Having Google join the fray shows that harassment is a big problem worth solving, and it also helps show that we have already made some tremendous strides to pave the way for them. We have had conversations with the Google team about the Riot Games’ experiments and learnings about toxic behaviours in games. Seeing them citing the same material is a great compliment, and we are honored to welcome them to the battle against abusive content online.

Back at Two Hat, we are already training the core Community Sift system on huge data sets — we’re under contract to process four billion messages a day across multiple languages in real-time. As we all continue to train artificial intelligence to recognize toxic behaviors like harassment, we can better serve the real people who are using these social products online. We can empower a freedom of choice for users to allow them to choose meaningful settings, like opting out of rape threats if they so choose. After all, we believe a woman shouldn’t have to self-censor herself, questioning whether that funny meme will result in a rape or death threat against her family. We’d much rather enable people to censor out inappropriate messages from those special kind of idiots who threaten to rape women.

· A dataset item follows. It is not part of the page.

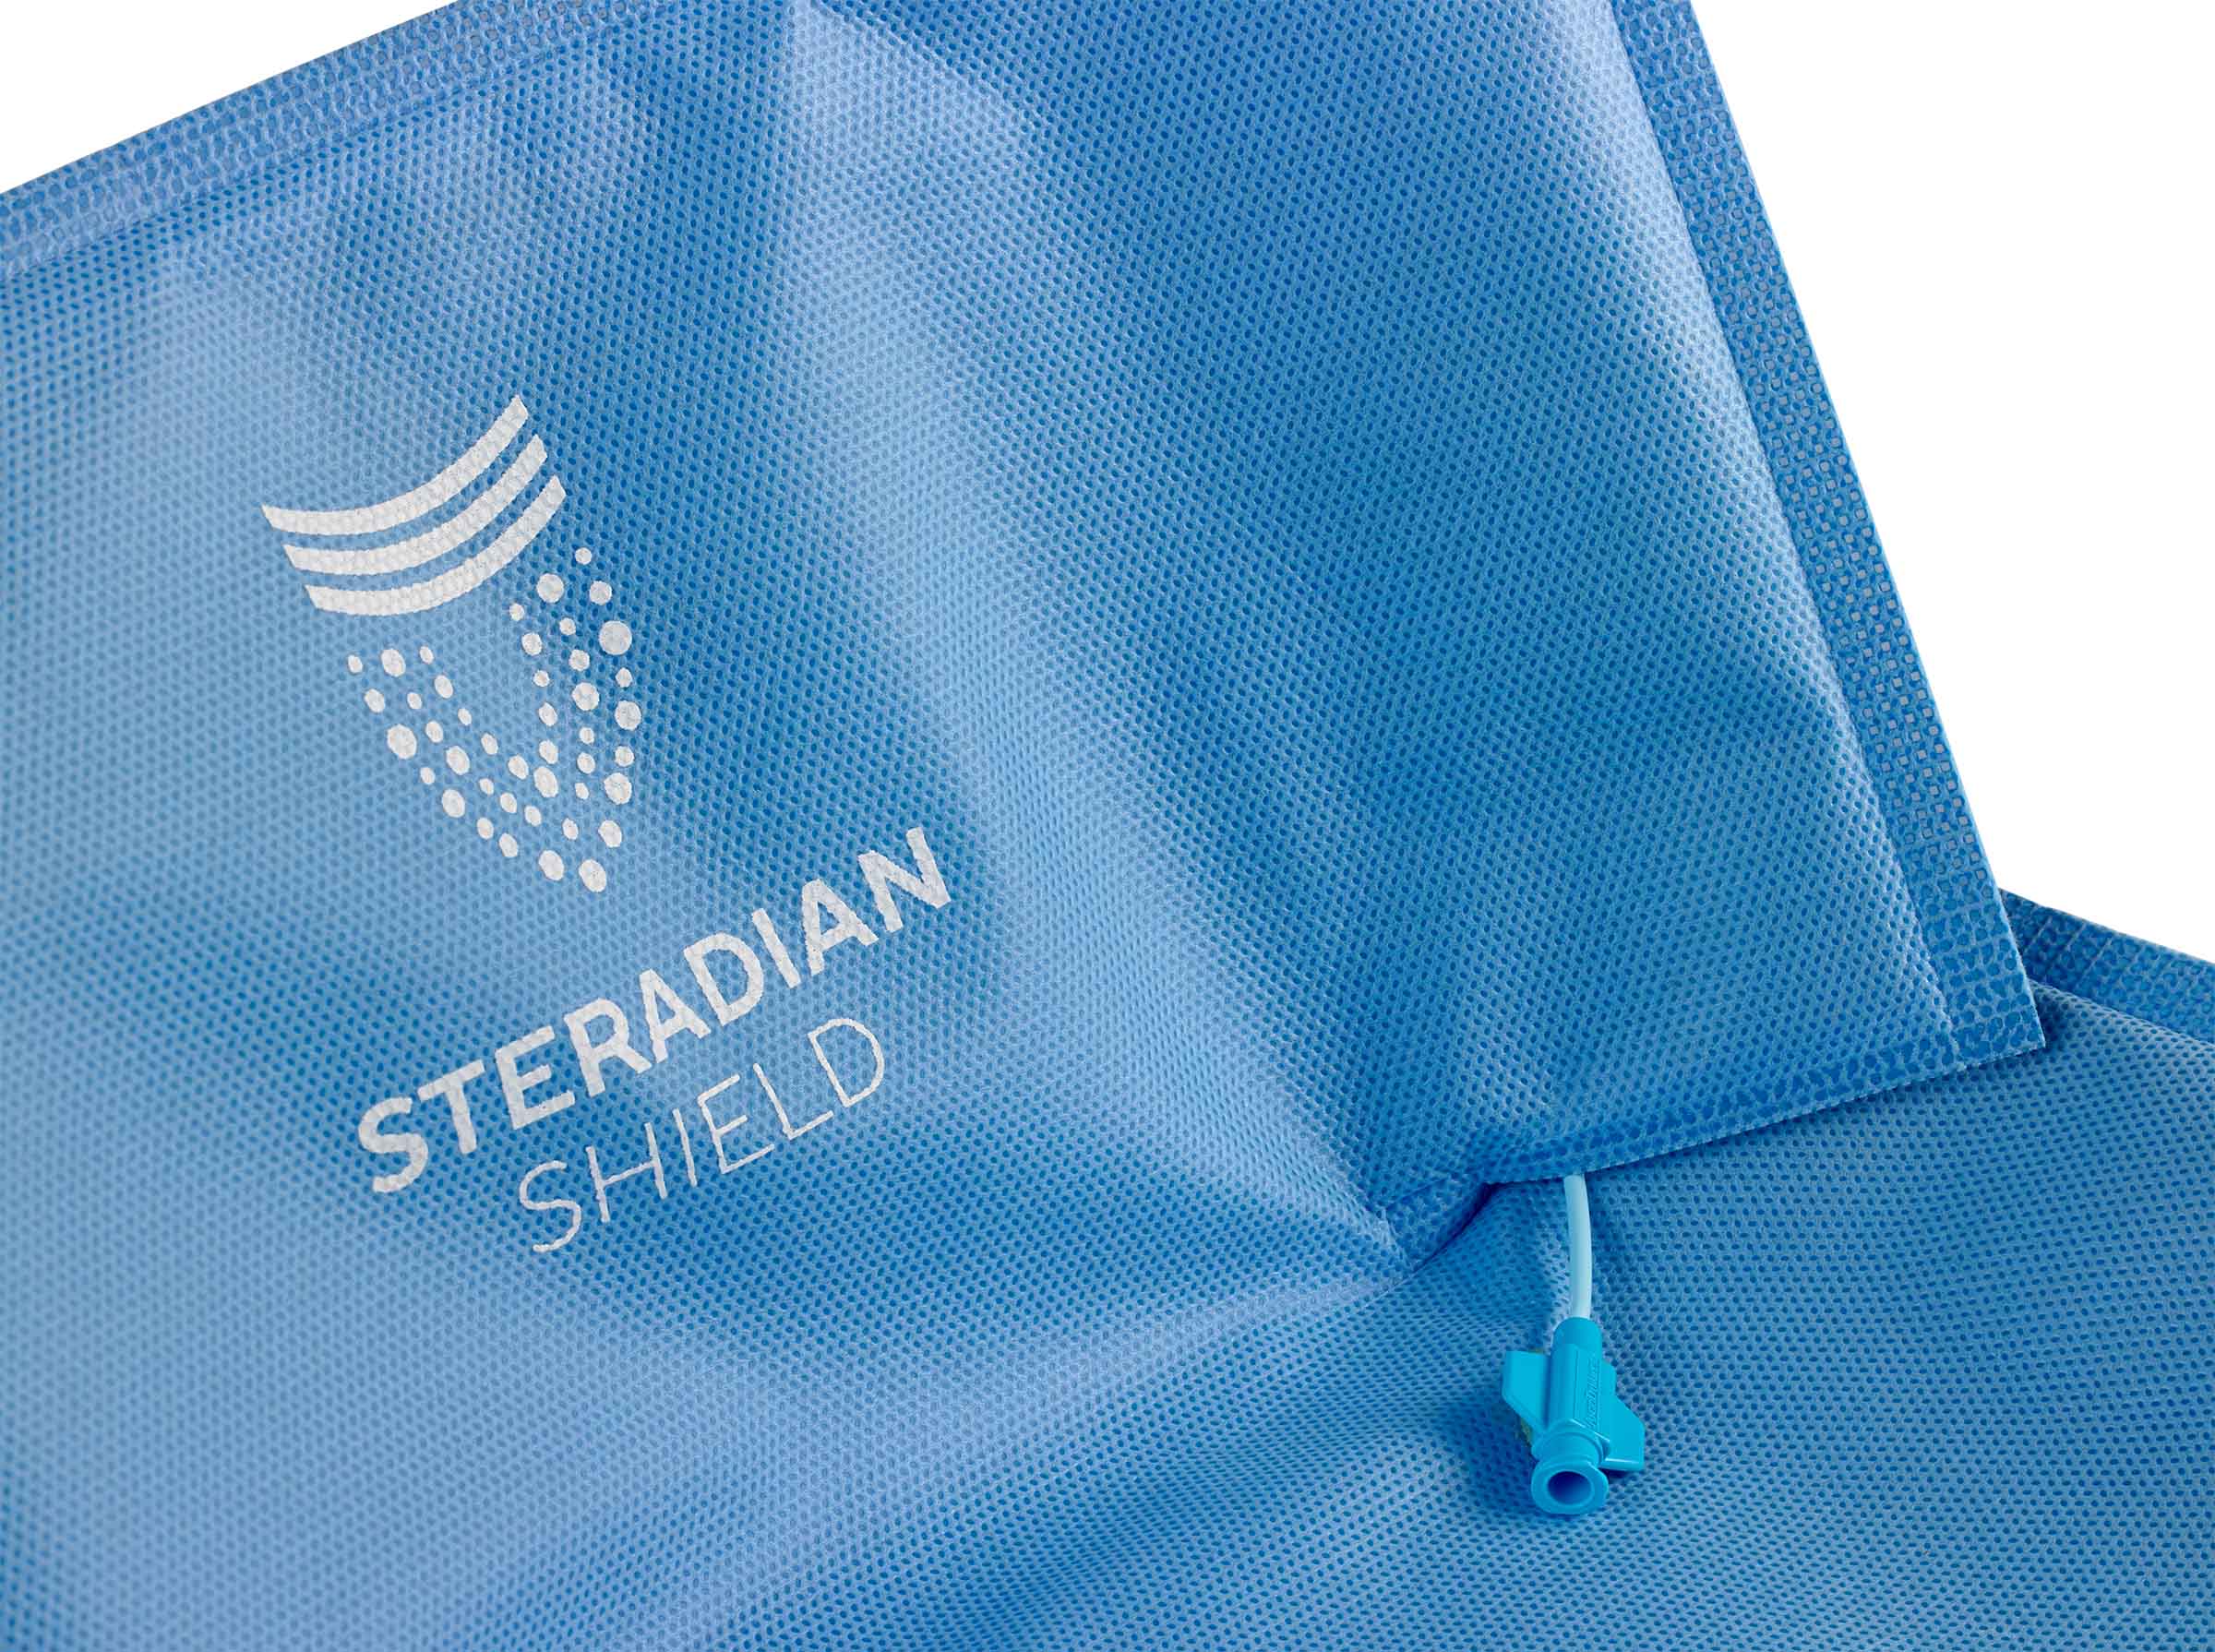 Steradian Shield
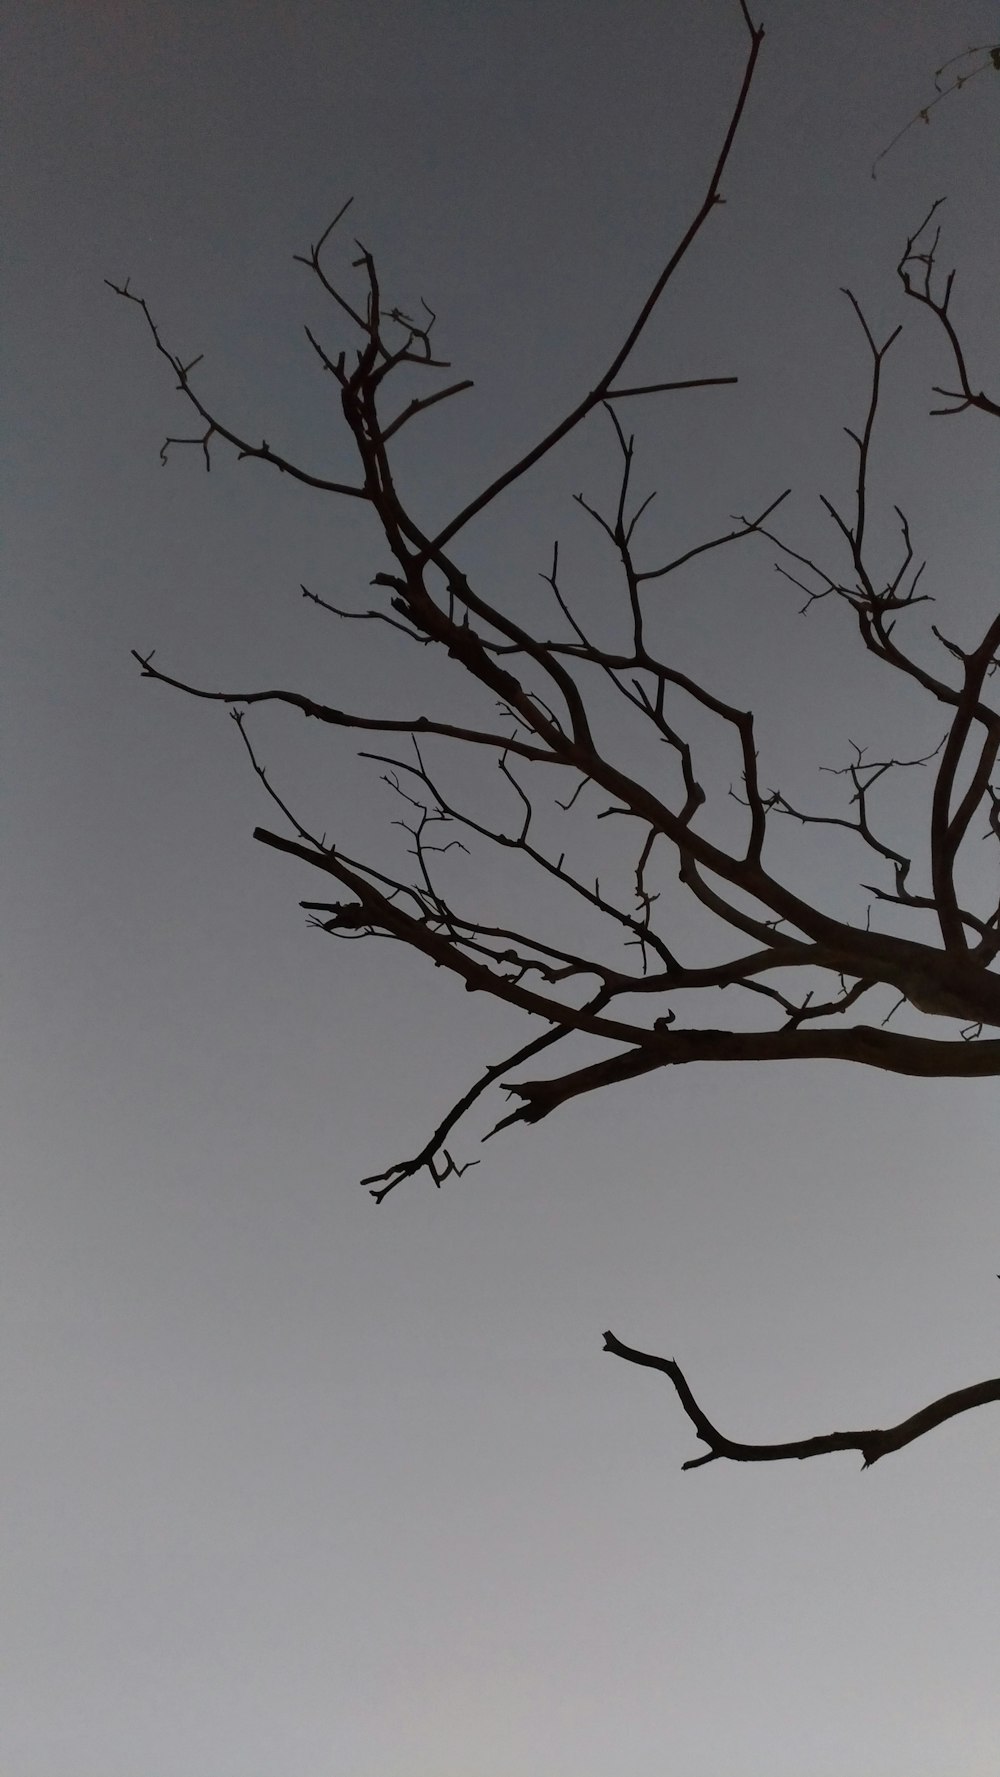 tree branch under gray sky

While it’s a shame that we have to develop technology to curb behaviours that would be obviously inappropriate (and in some cases, illegal) in real-life, it is encouraging to know that there are so many groups taking strides to end hate speech now. From activist documentaries and pledges like The Bully Project, inspiring people to stand up against
bullying, to Alphabet/Google’s new Jigsaw division, we are on-track to start turning the negative tides in a new direction. And we are proud to be a part of such an important movement.